DEBUG 5:   Atlantic basin shape 1 has 129 points with latitudes from 35.5587 to 45.7149 and longitudes from -54.7273 to -38.81.
DEBUG 5:     50% probability of 48-hour genesis has NO MATCH in the BEST track.
DEBUG 5:     50% probability of 120-hour genesis has NO MATCH in the BEST track.
--
--
DEBUG 4: [File 753 of 2372]: Found 1 records with issue time 20211111_000000 in file "/Volumes/d1/projects/MET/MET_unit_test/MET_test_input/tc_data/genesis/shapes/atl/202111102353/gtwo_areas_202111102353.shp".
DEBUG 5:   Atlantic basin shape 1 has 129 points with latitudes from 35.5587 to 45.7149 and longitudes from -54.7273 to -38.81.
DEBUG 5:     50% probability of 48-hour genesis has NO MATCH in the BEST track.
DEBUG 5:     50% probability of 120-hour genesis has NO MATCH in the BEST track.
--
--
DEBUG 4: [File 1477 of 2372]: Found 1 records with issue time 20211111_000000 in file "/Volumes/d1/projects/MET/MET_unit_test/MET_test_input/tc_data/genesis/shapes/cpac/202111110018/gtwo_areas_202111102353.shp".
DEBUG 5:   Atlantic basin shape 1 has 129 points with latitudes from 35.5587 to 45.7149 and longitudes from -54.7273 to -38.81.
DEBUG 5:     50% probability of 48-hour genesis has NO MATCH in the BEST track.

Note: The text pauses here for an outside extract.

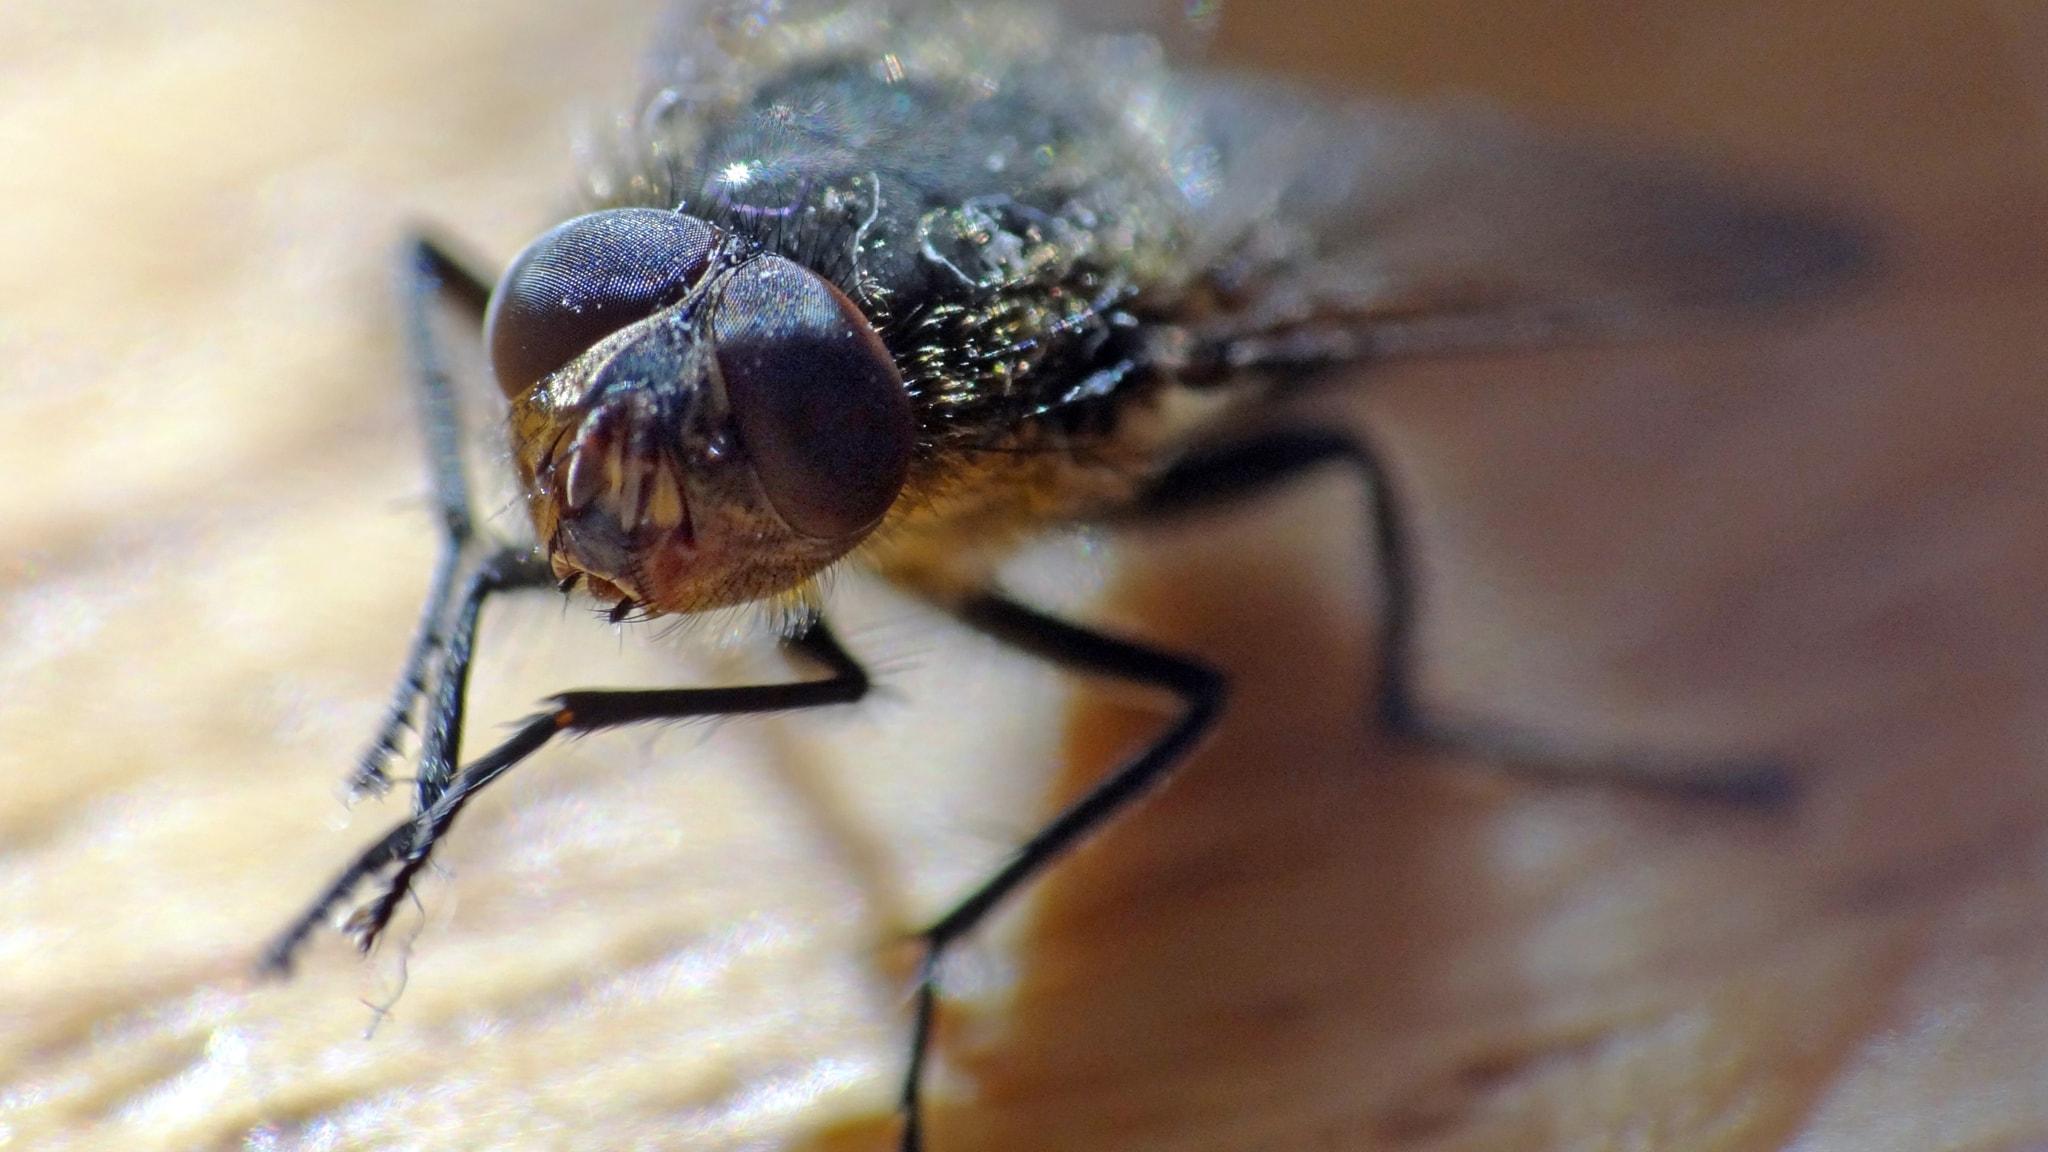 En fluga som gnuggar frambenen mot varandra.

DEBUG 5:     50% probability of 120-hour genesis has NO MATCH in the BEST track.
--
--
DEBUG 4: [File 2291 of 2372]: Found 1 records with issue time 20211111_000000 in file "/Volumes/d1/projects/MET/MET_unit_test/MET_test_input/tc_data/genesis/shapes/epac/202111110430/gtwo_areas_202111102353.shp".
DEBUG 5:   Atlantic basin shape 1 has 129 points with latitudes from 35.5587 to 45.7149 and longitudes from -54.7273 to -38.81.
DEBUG 5:     50% probability of 48-hour genesis has NO MATCH in the BEST track.
DEBUG 5:     50% probability of 120-hour genesis has NO MATCH in the BEST track.
--
--
DEBUG 4: [File 2292 of 2372]: Found 1 records with issue time 20211111_060000 in file "/Volumes/d1/projects/MET/MET_unit_test/MET_test_input/tc_data/genesis/shapes/epac/202111110512/gtwo_areas_202111110511.shp".
DEBUG 5:   Atlantic basin shape 1 has 129 points with latitudes from 35.5587 to 45.7149 and longitudes from -54.7273 to -38.81.
DEBUG 5:     50% probability of 48-hour genesis has NO MATCH in the BEST track.
DEBUG 5:     50% probability of 120-hour genesis has NO MATCH in the BEST track.